• **What needs to be done**:
Set down a true copy of the data, with all pictures left out.

• **Supplied data**:
▬▬▬

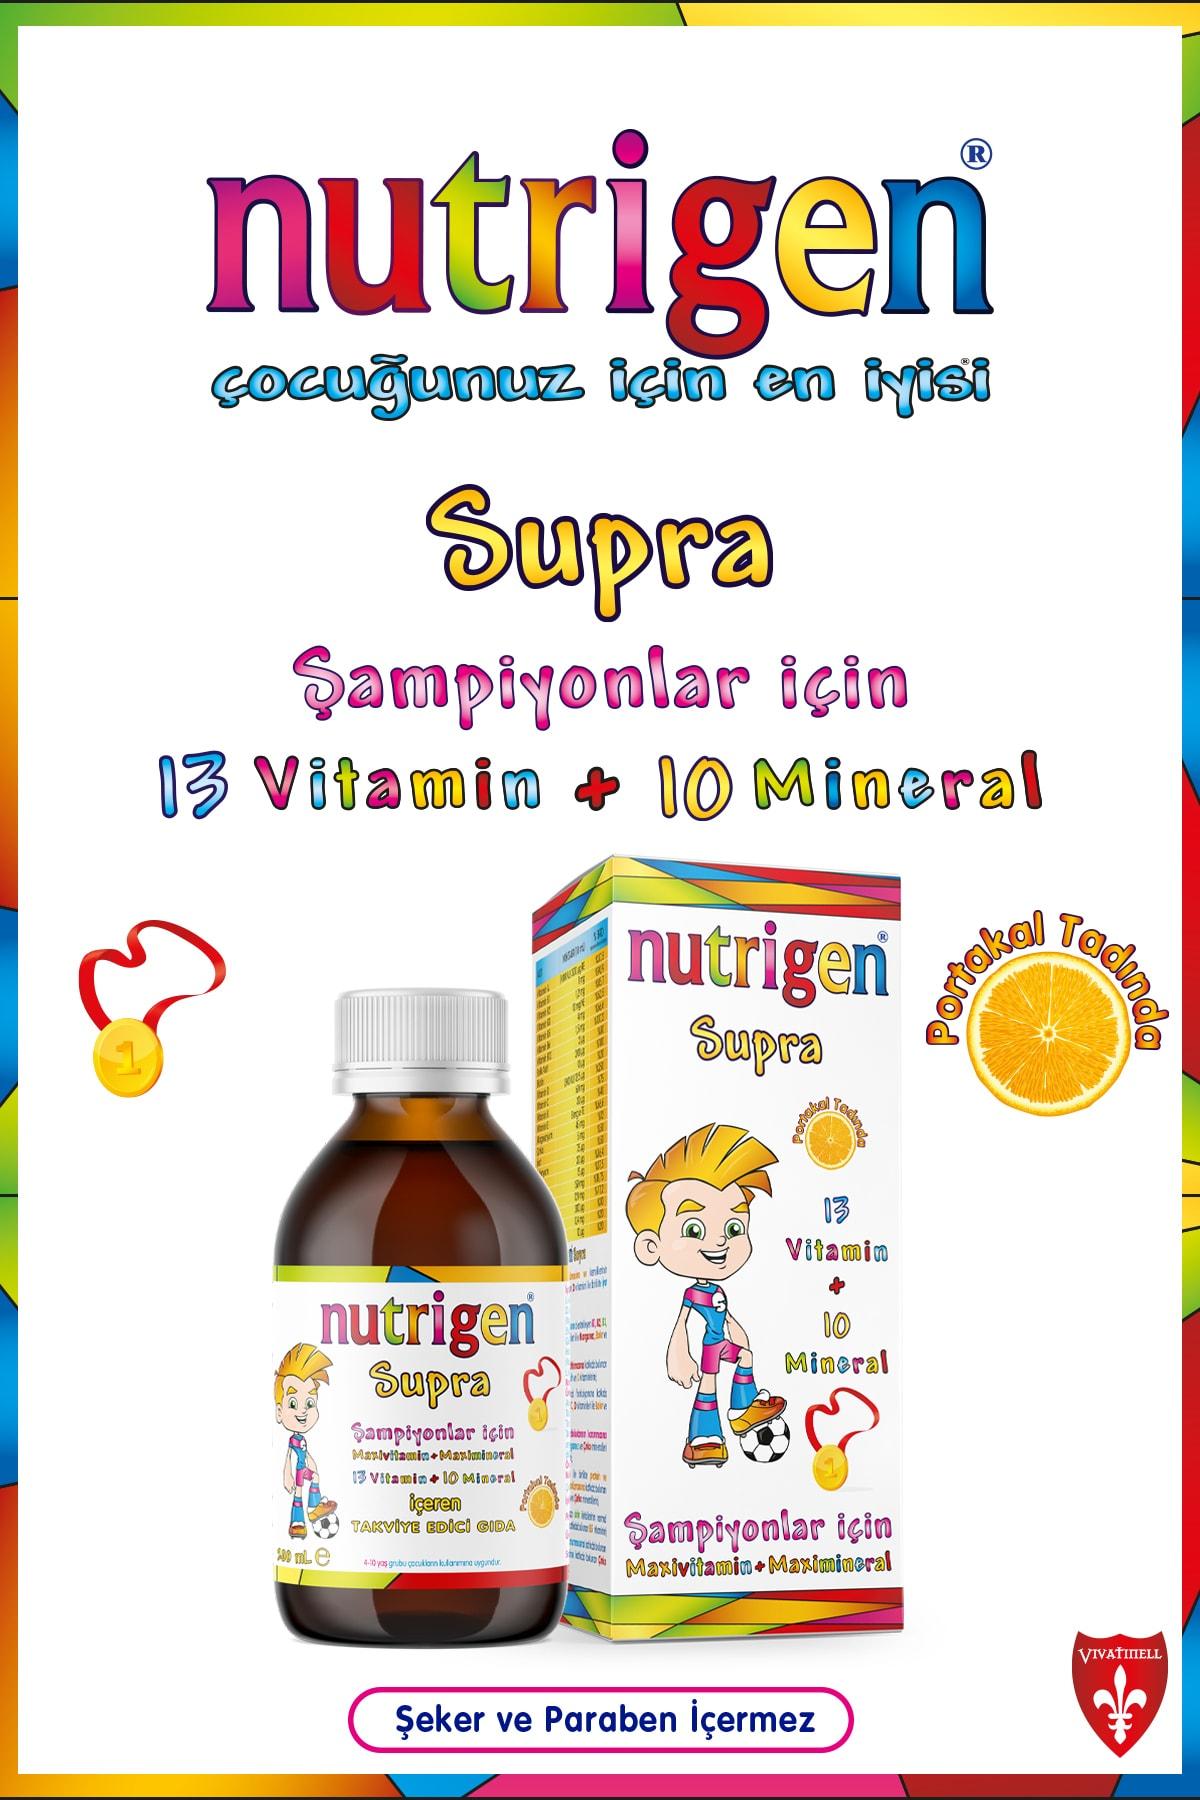 Nutrigen Supra Şurup 200 ml*2 (2'li Fırsat Paketi) 2
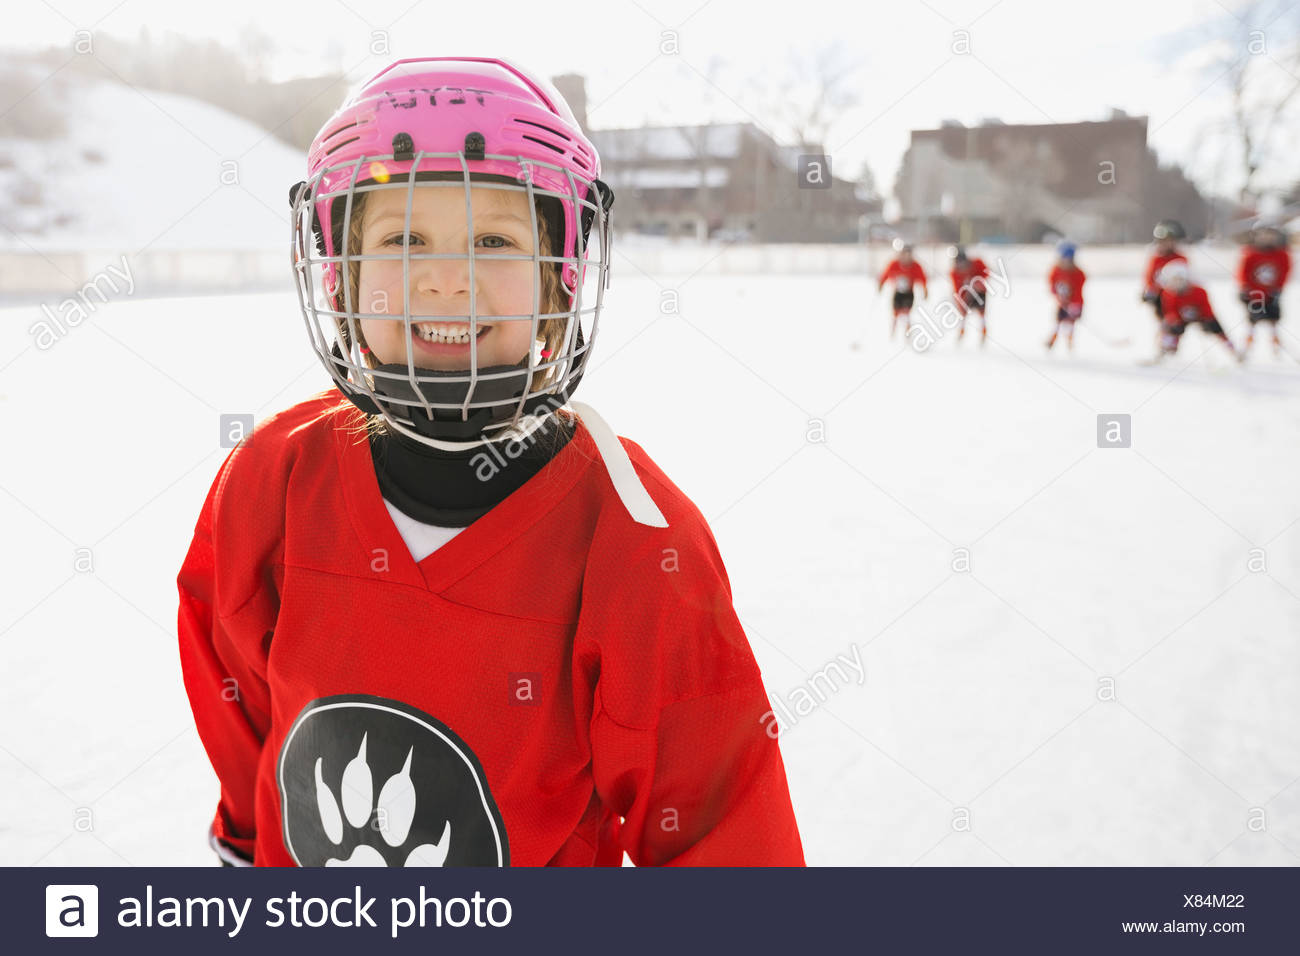 Portrait of smiling girl in ice hockey uniform - Stock Image
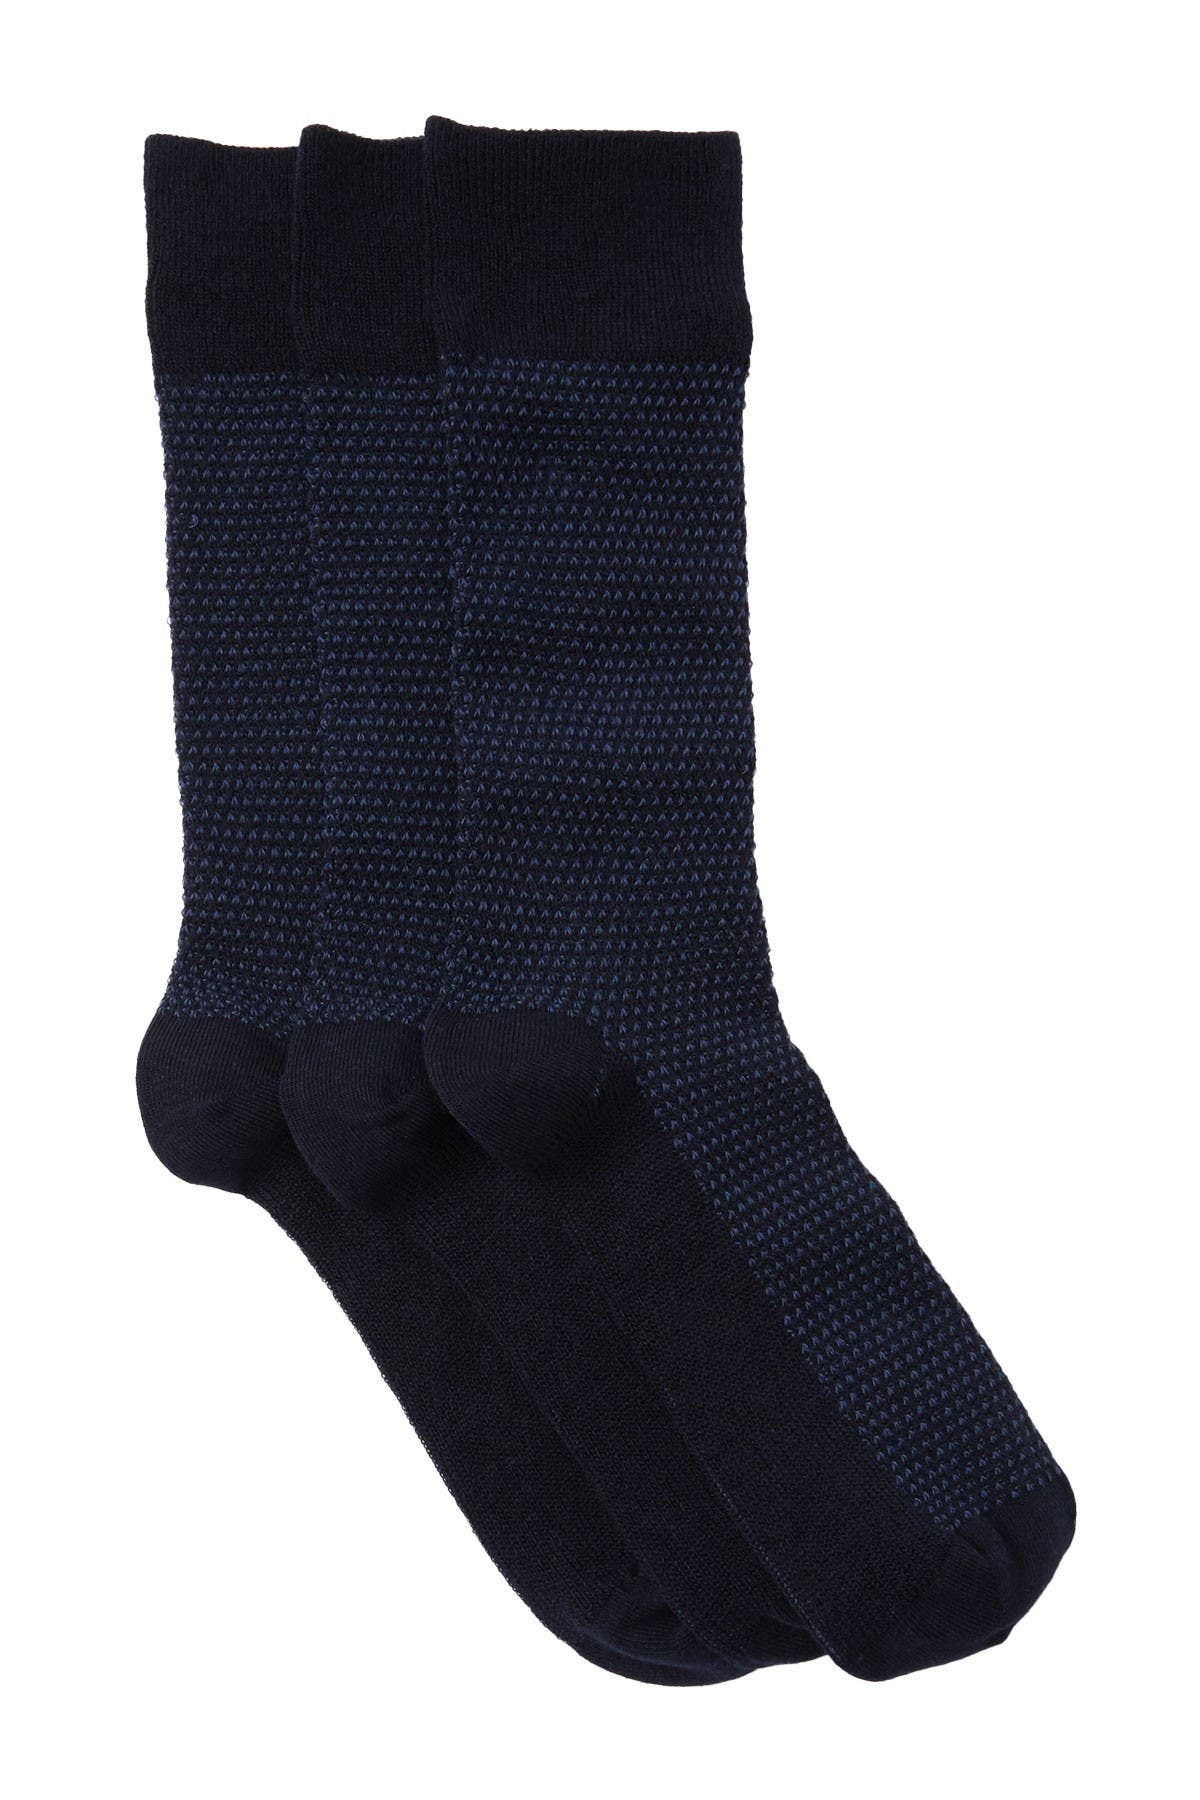 Image of Nordstrom Rack Knit Crew Socks - Pack of 3

▬▬▬

• **Expected output**:
 Nutrigen Supra Şurup 200 ml*2 (2'li Fırsat Paketi) 2
 Portrait of smiling girl in ice hockey uniform - Stock Image
 Image of Nordstrom Rack Knit Crew Socks - Pack of 3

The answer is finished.